### HOW TO COMPLETE THIS TASK:
To complete this task, print all the data below exactly but leave out the images.

### DATA BLOCK:

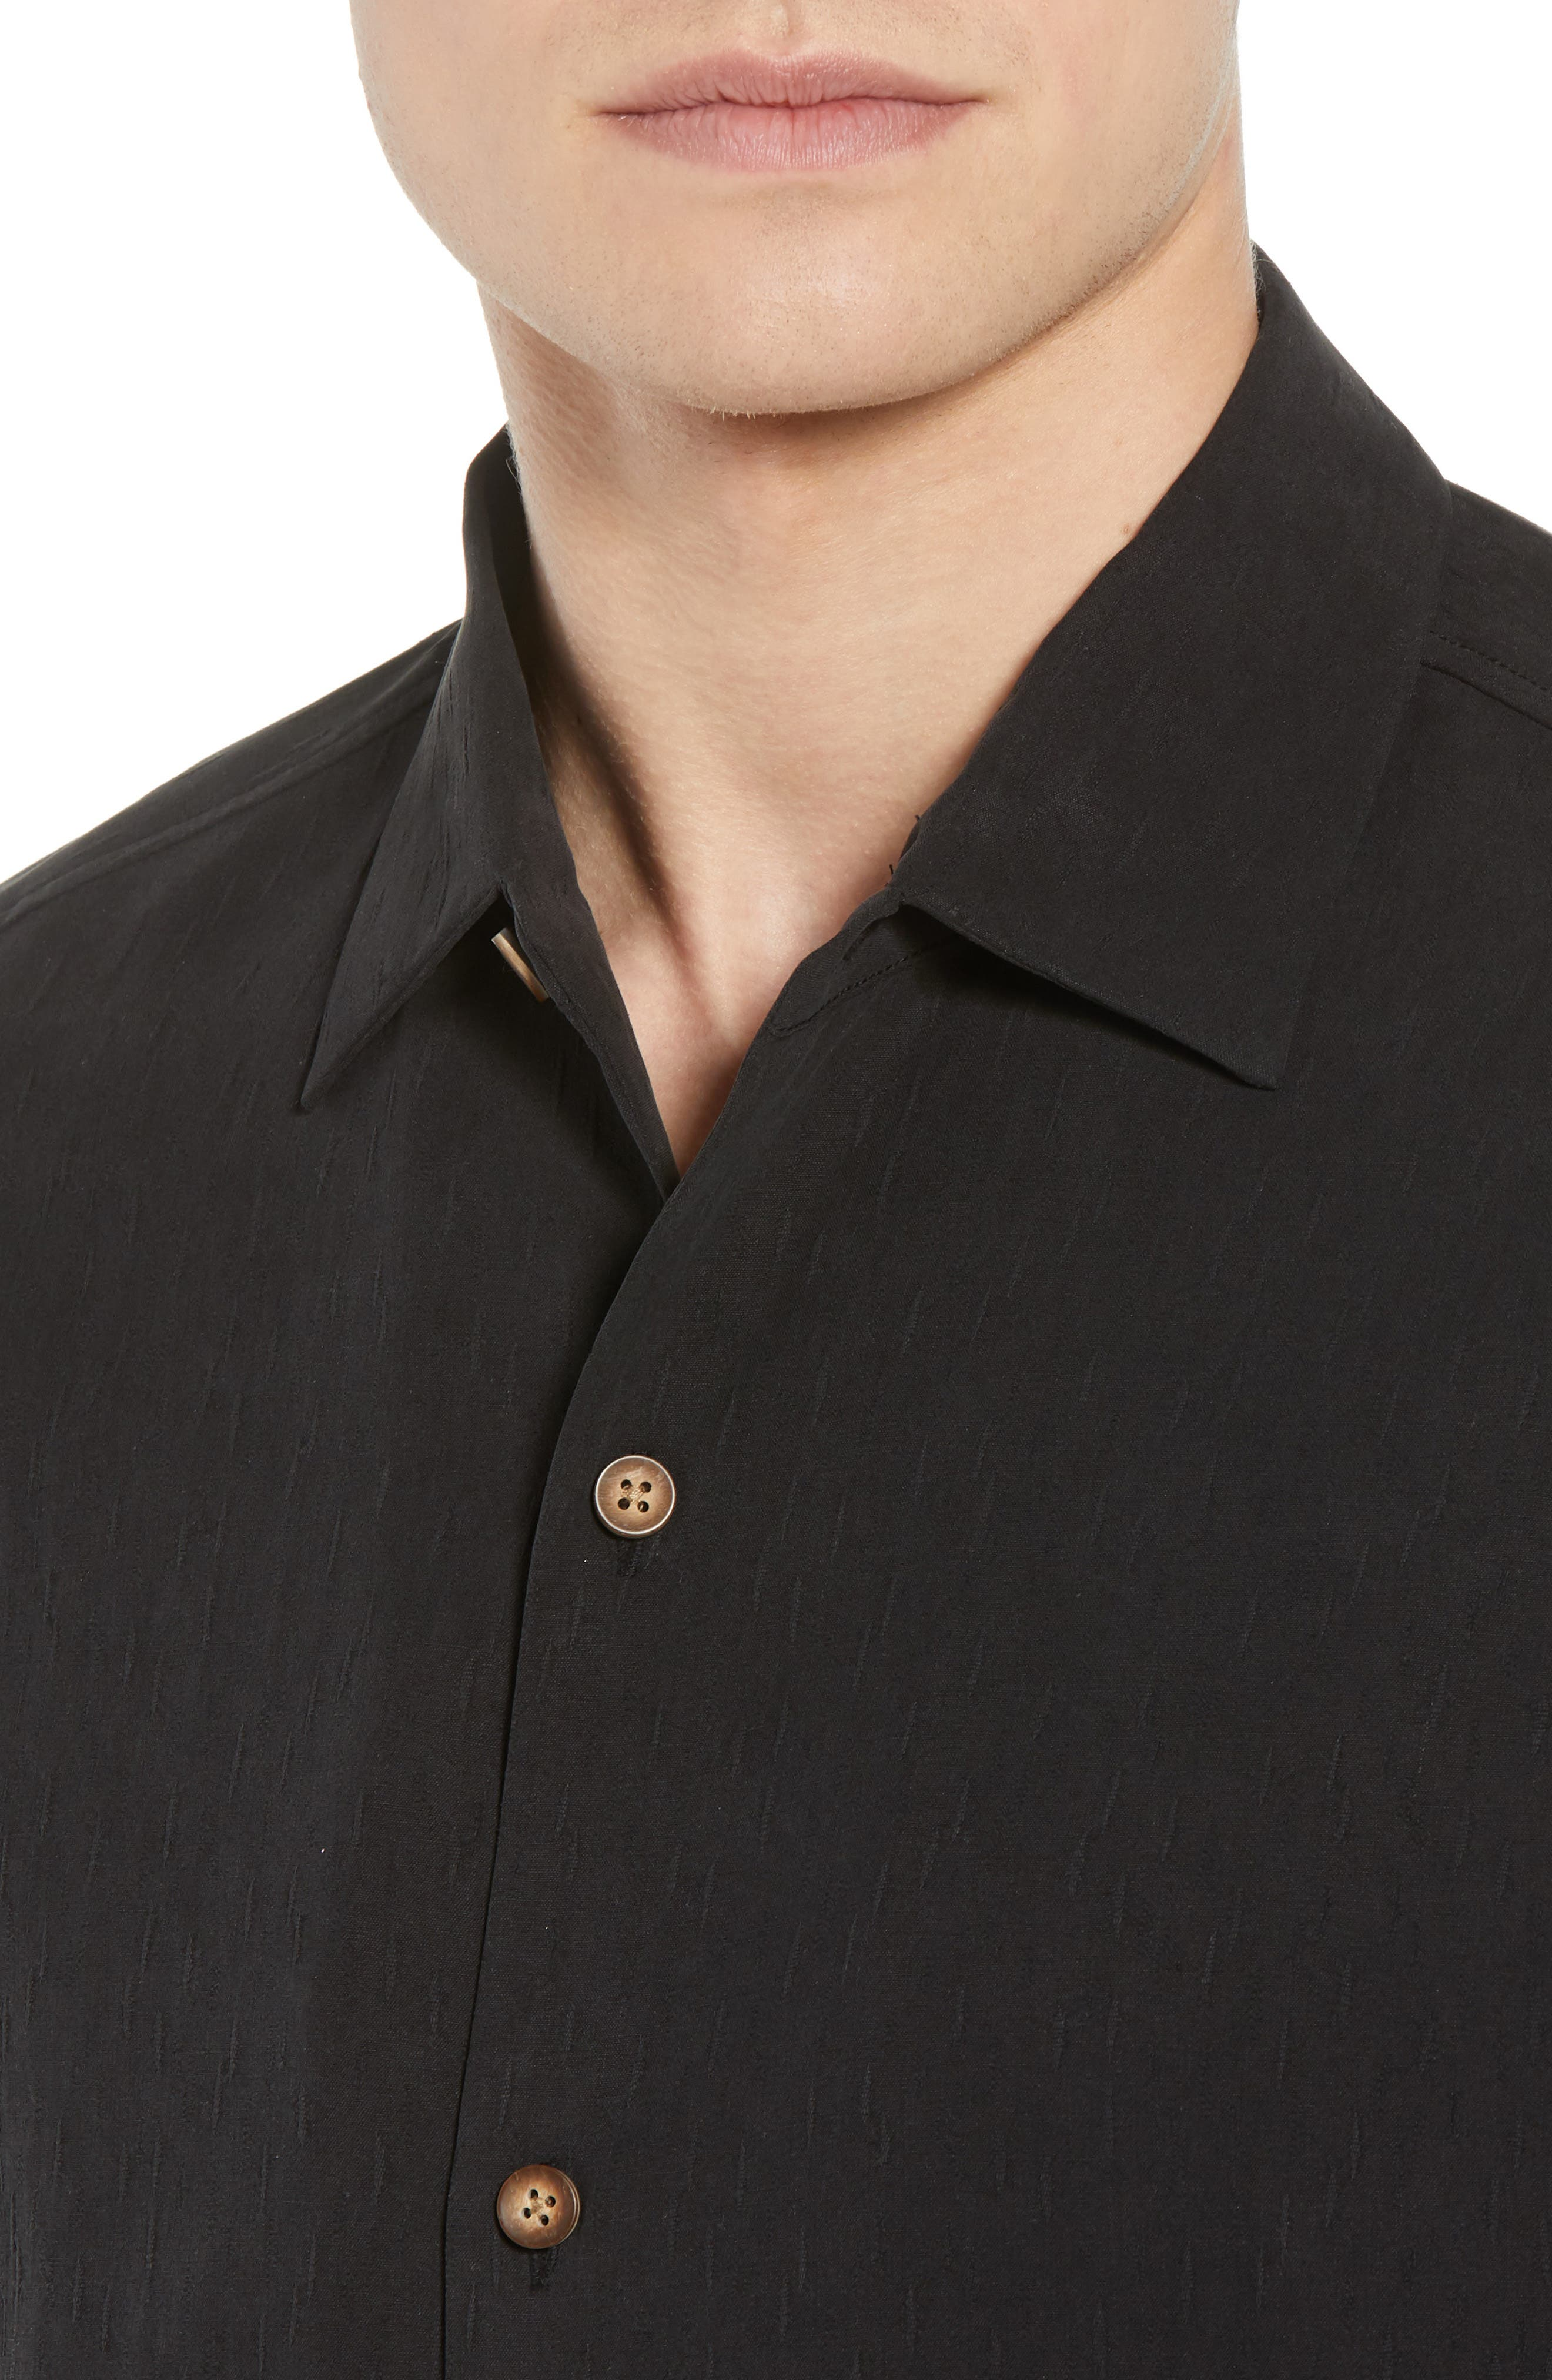 Bahama Reserve Silk Camp Shirt,                             Alternate thumbnail 2, color,                             Black
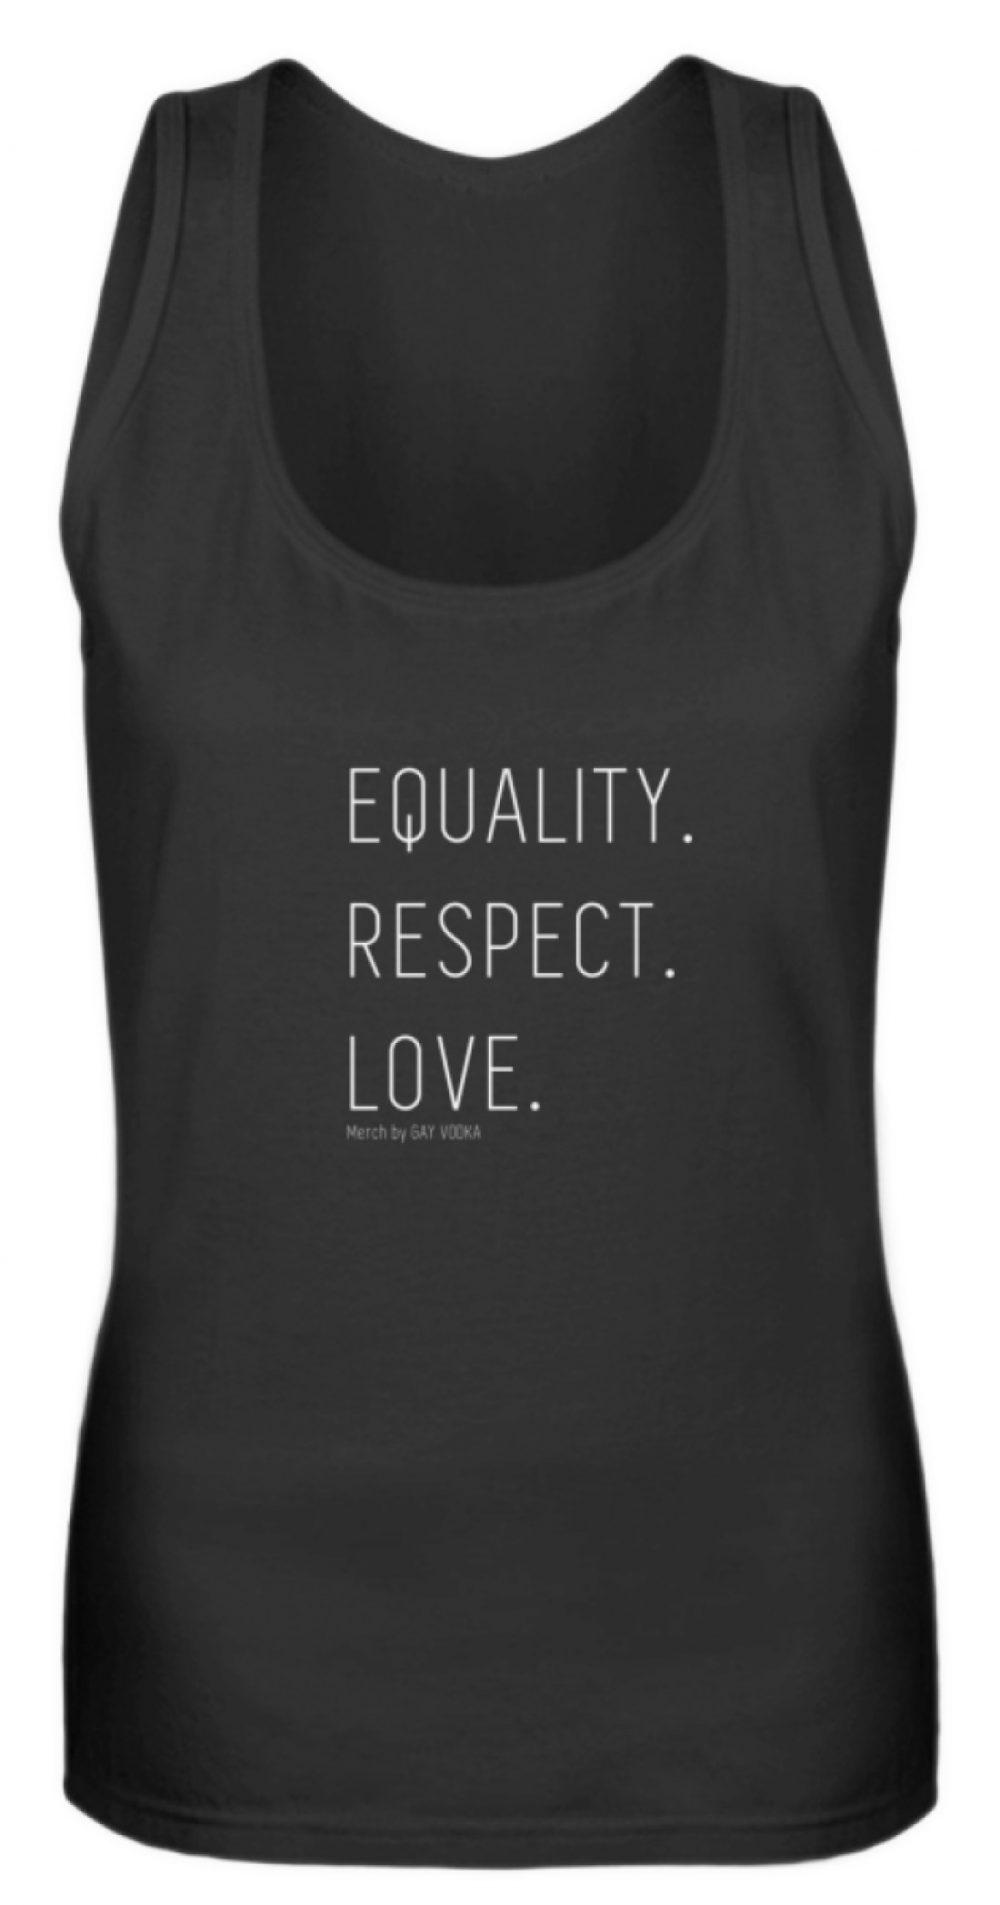 EQUALITY. RESPECT. LOVE. - Frauen Tanktop-16
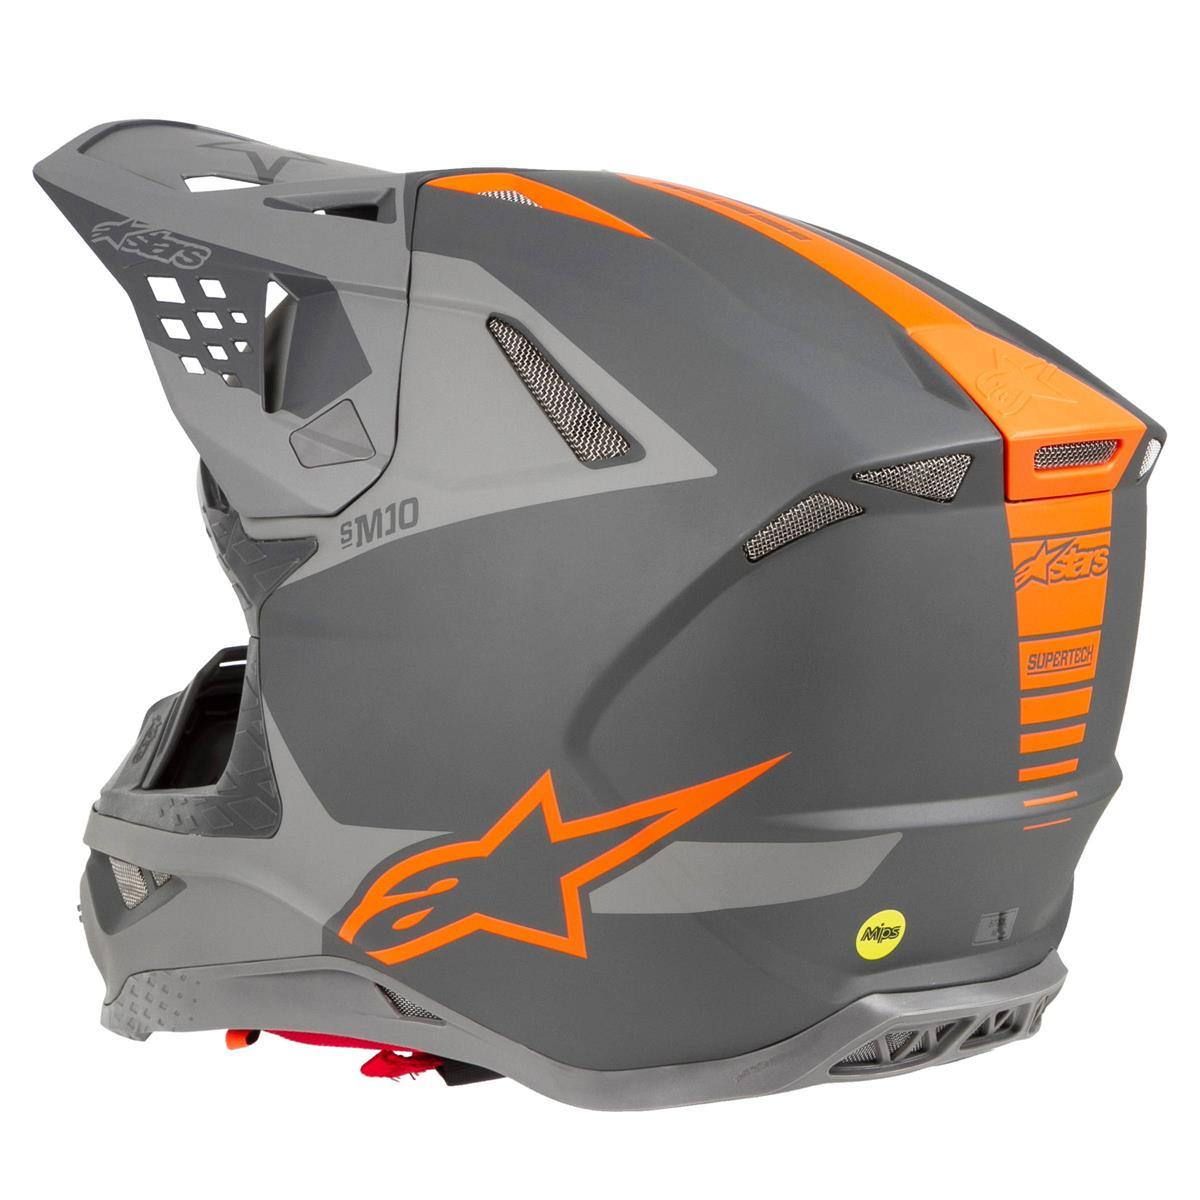 alpinestars-helm-helmet-supertech-s-m10-5

### TASK ANSWER:
 Bahama Reserve Silk Camp Shirt,                             Alternate thumbnail 2, color,                             Black
 EQUALITY. RESPECT. LOVE. - Frauen Tanktop-16
 alpinestars-helm-helmet-supertech-s-m10-5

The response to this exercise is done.